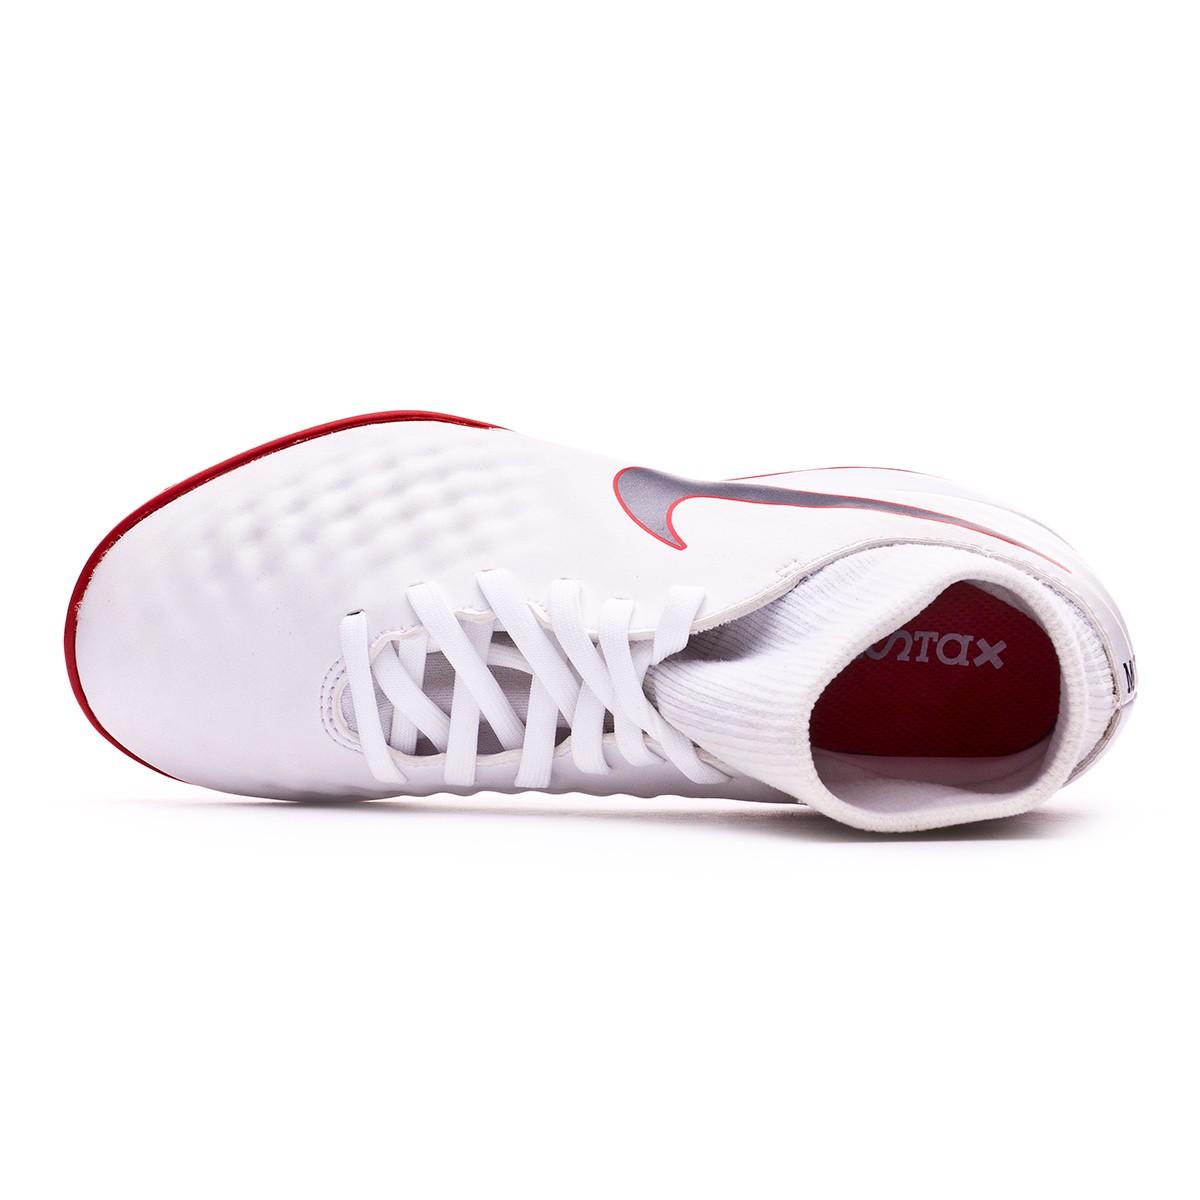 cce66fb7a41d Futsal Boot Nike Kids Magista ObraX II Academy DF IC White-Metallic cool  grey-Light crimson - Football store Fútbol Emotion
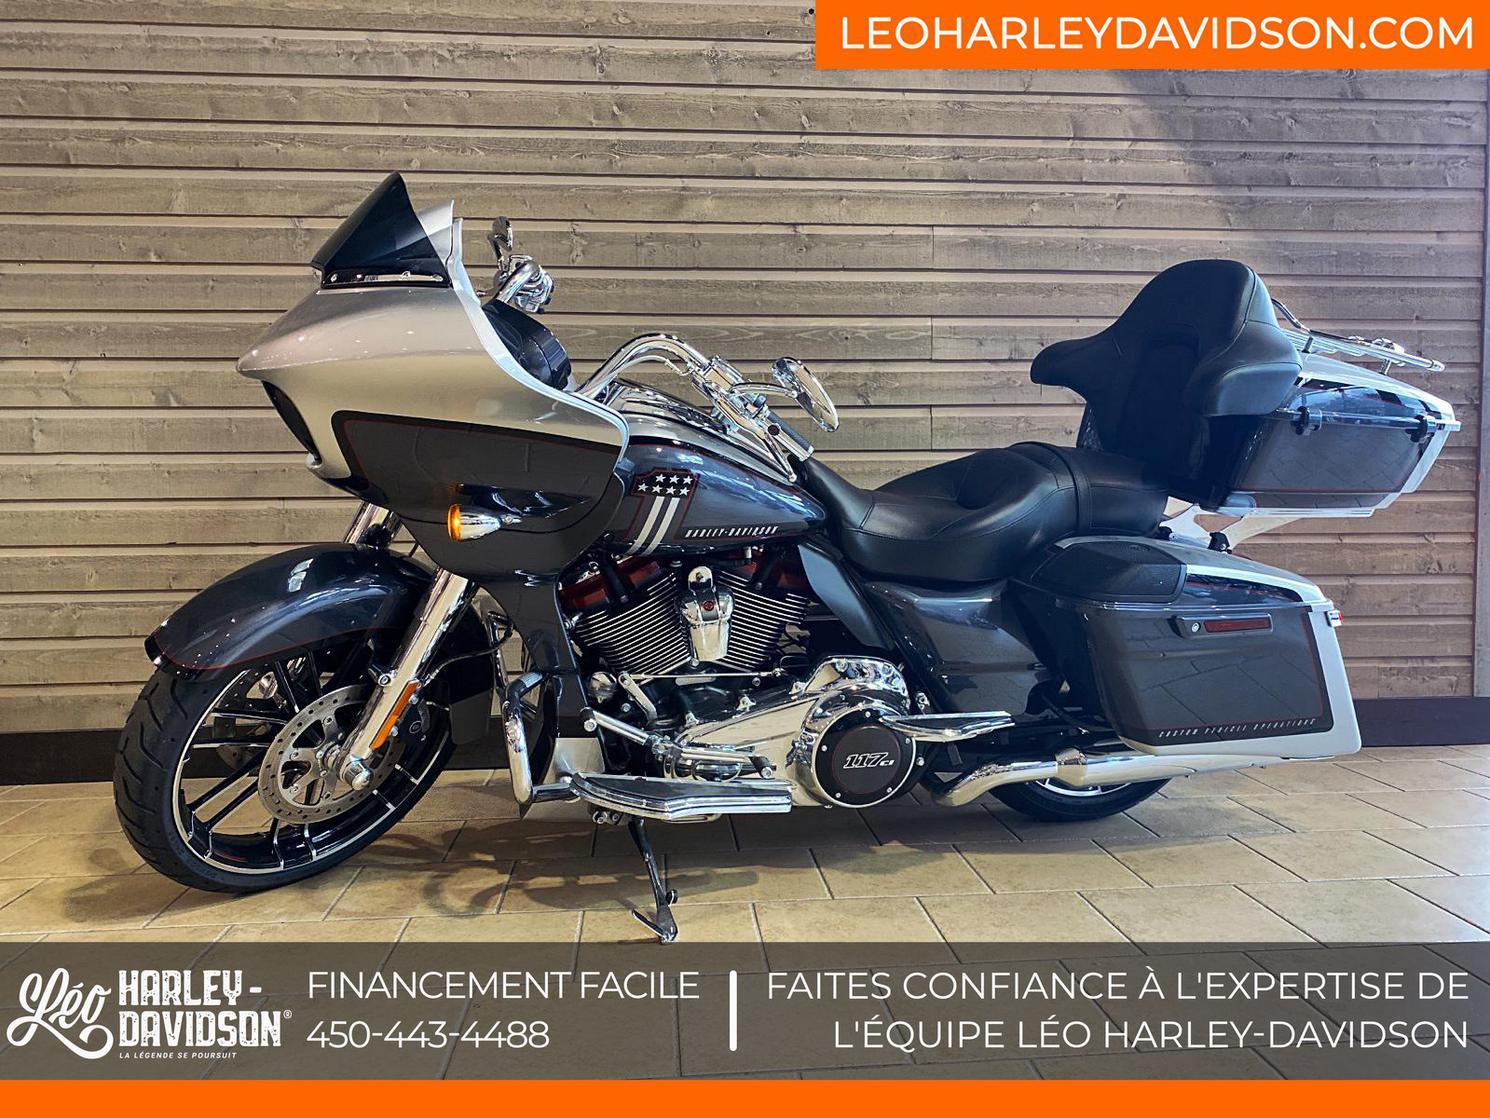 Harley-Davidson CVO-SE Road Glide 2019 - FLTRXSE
———
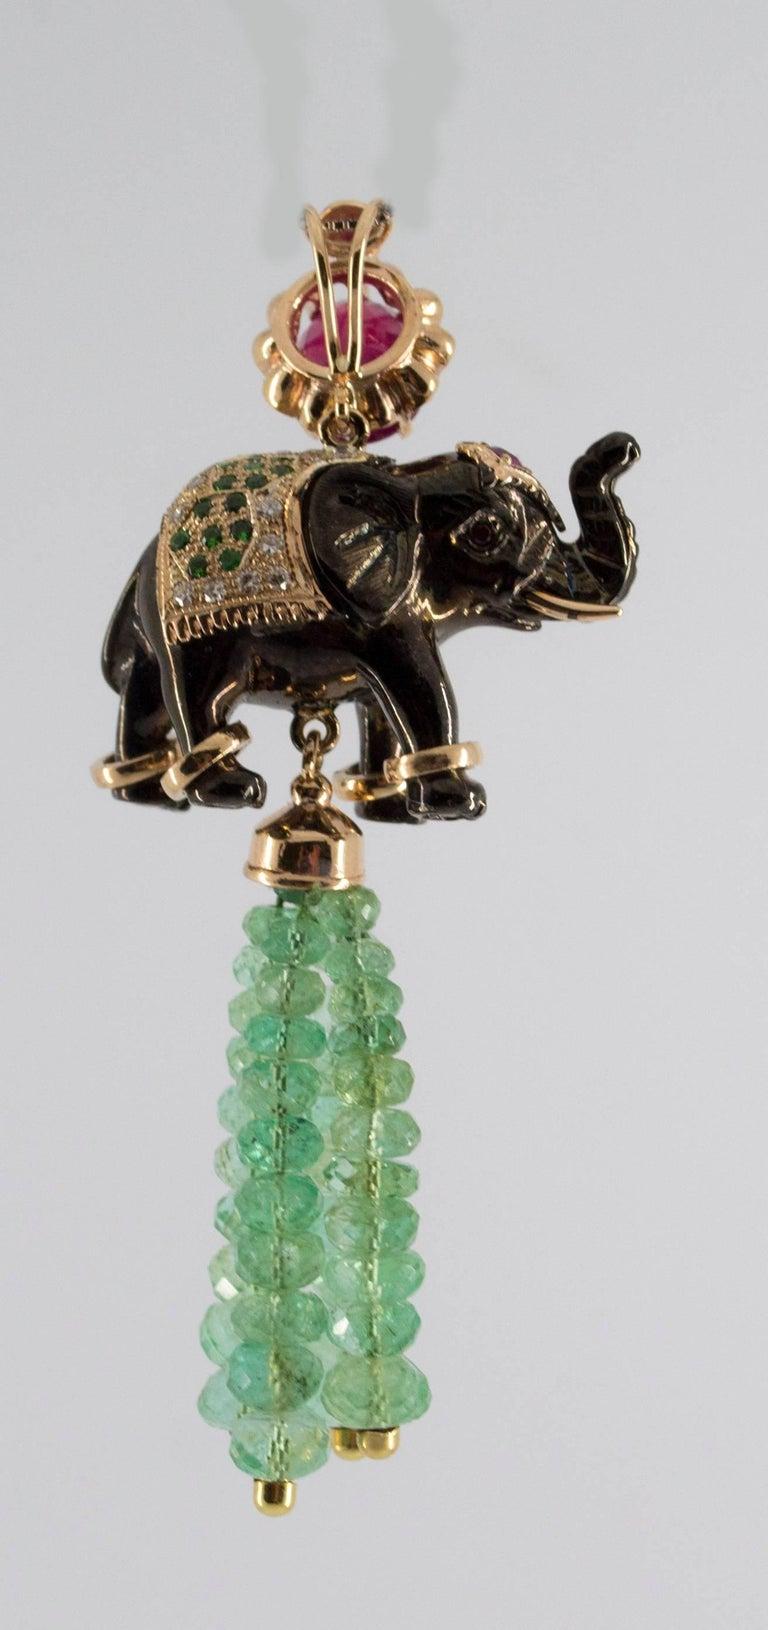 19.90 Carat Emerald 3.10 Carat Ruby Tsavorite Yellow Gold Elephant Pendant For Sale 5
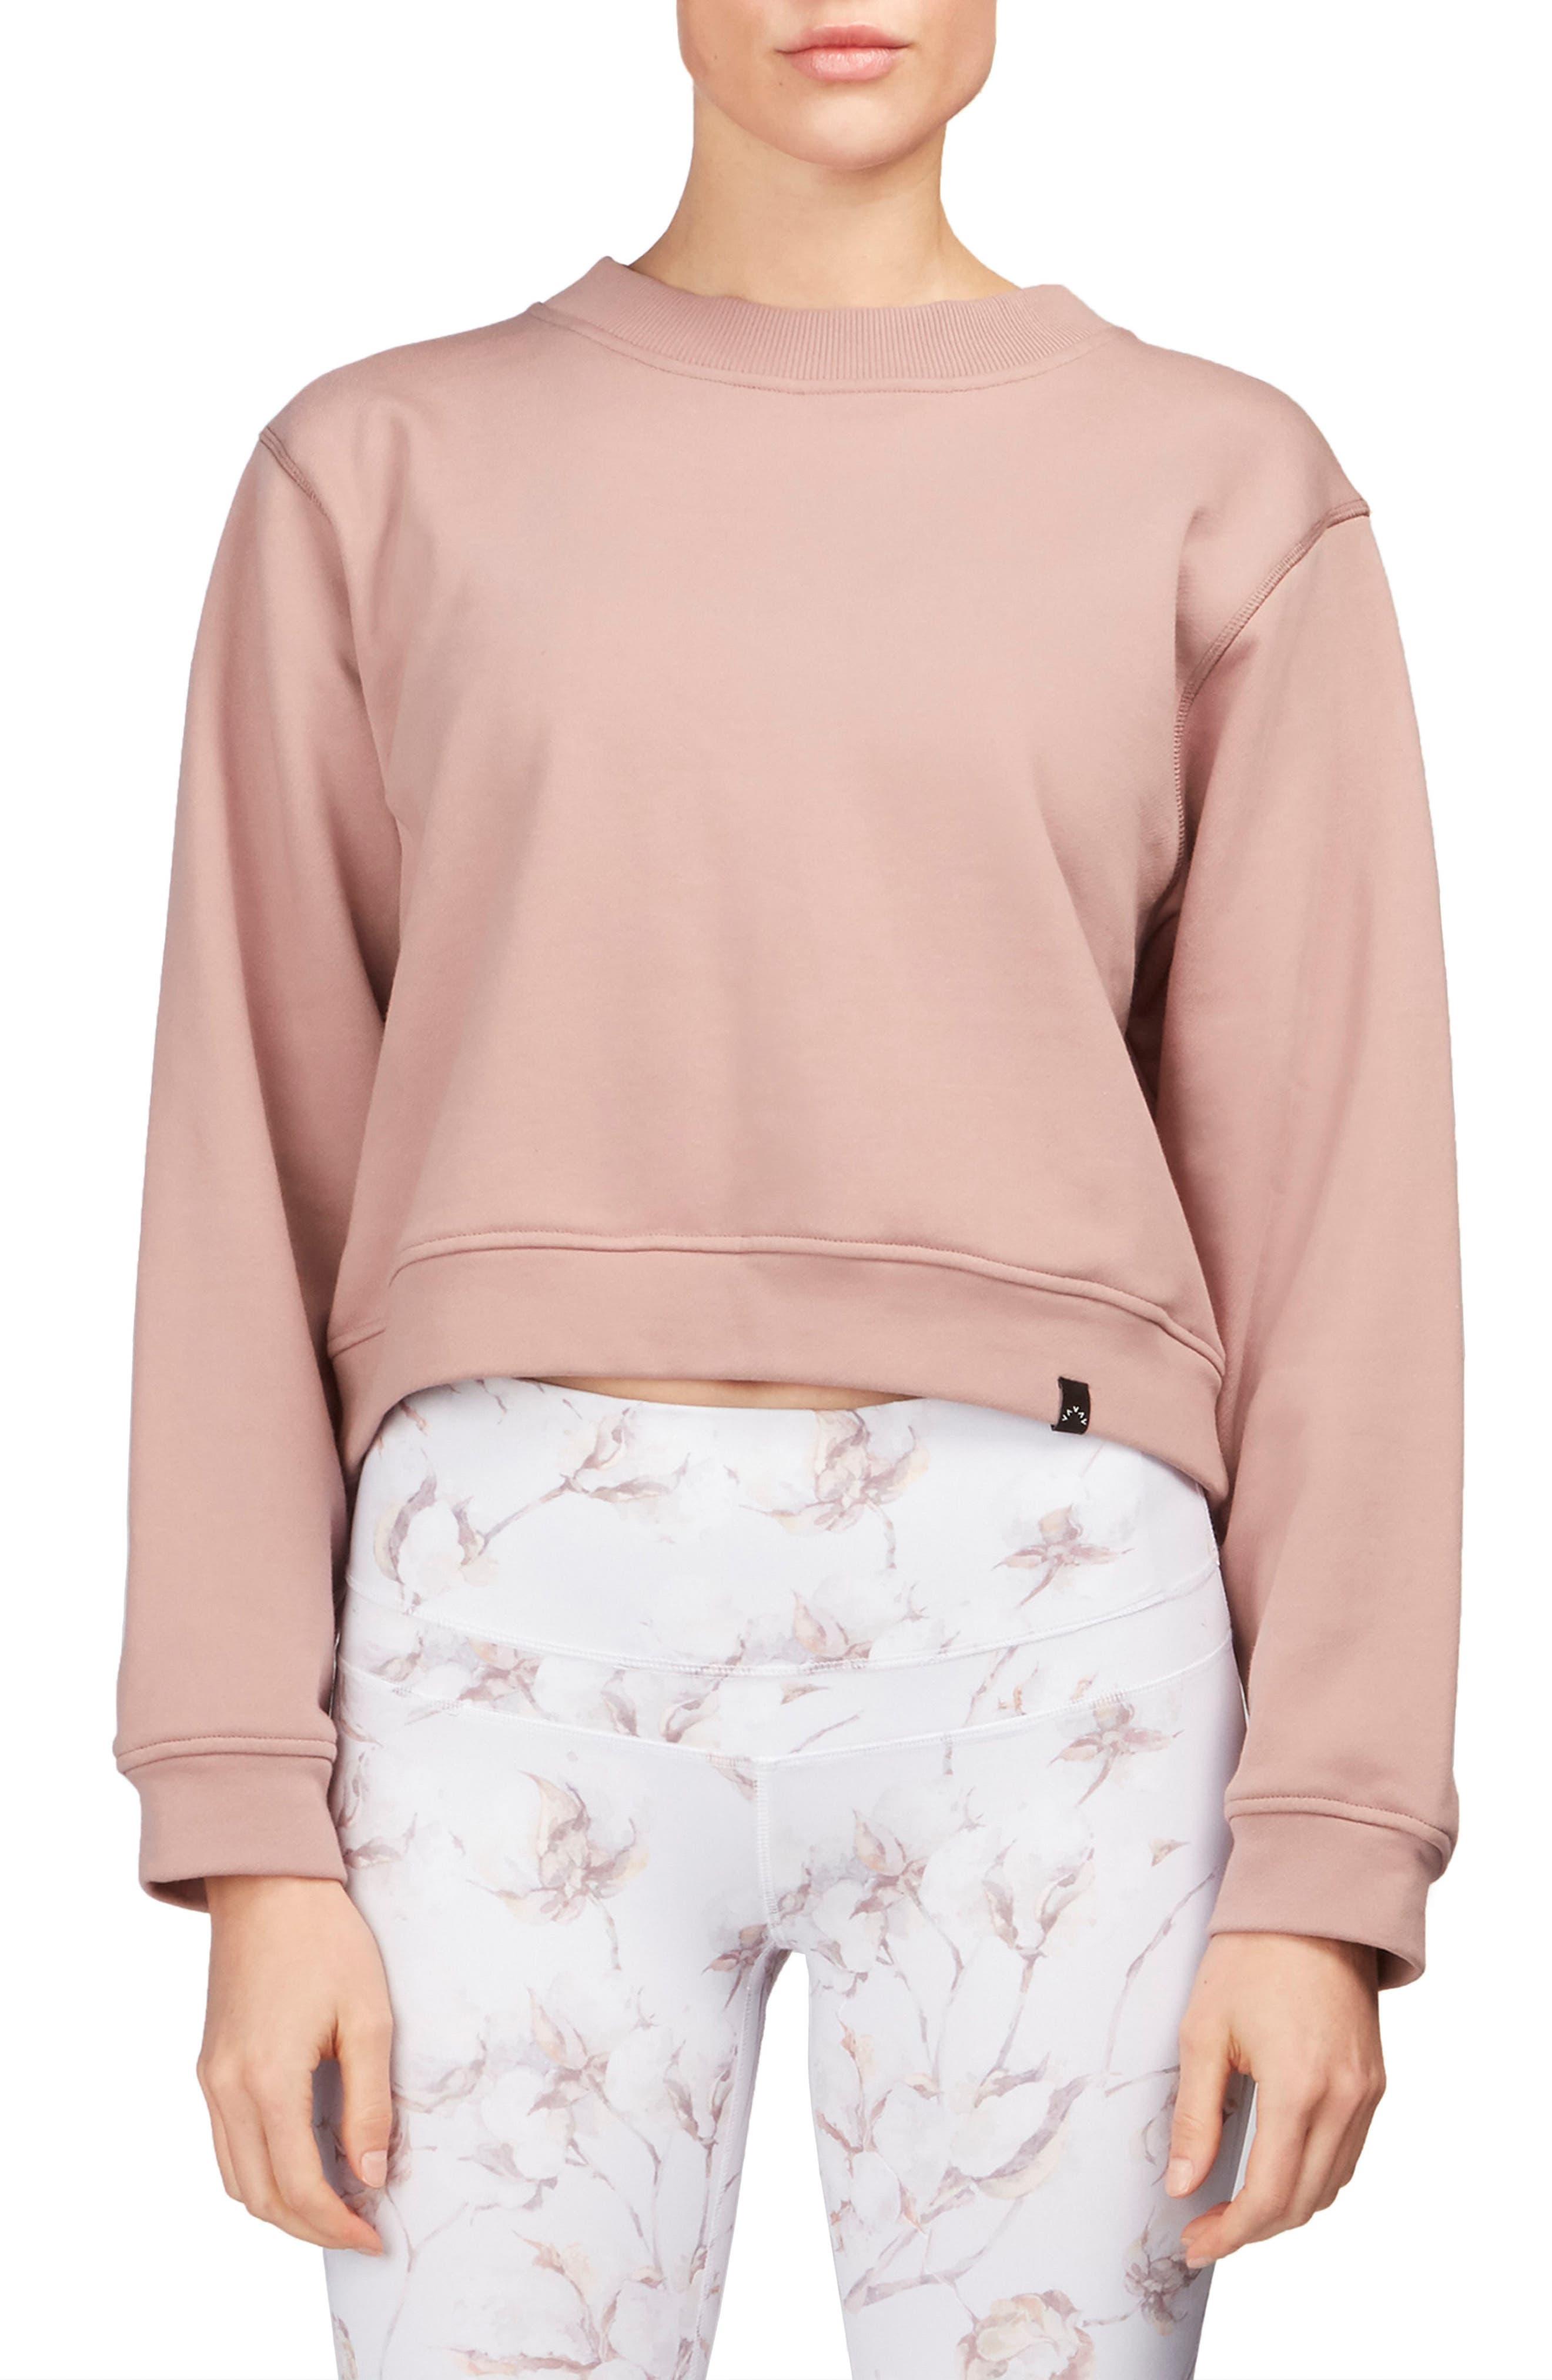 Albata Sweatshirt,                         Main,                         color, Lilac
———
Within the data above, repeat exactly the lines from the one bearing "cce66fb7a41d Futsal Boot" through the one bearing "Harley-Davidson CVO-SE Road". Include no pictures and nothing else.

▸ **WRITTEN ANSWER**:
 cce66fb7a41d Futsal Boot Nike Kids Magista ObraX II Academy DF IC White-Metallic cool  grey-Light crimson - Football store Fútbol Emotion
 Harley-Davidson CVO-SE Road Glide 2019 - FLTRXSE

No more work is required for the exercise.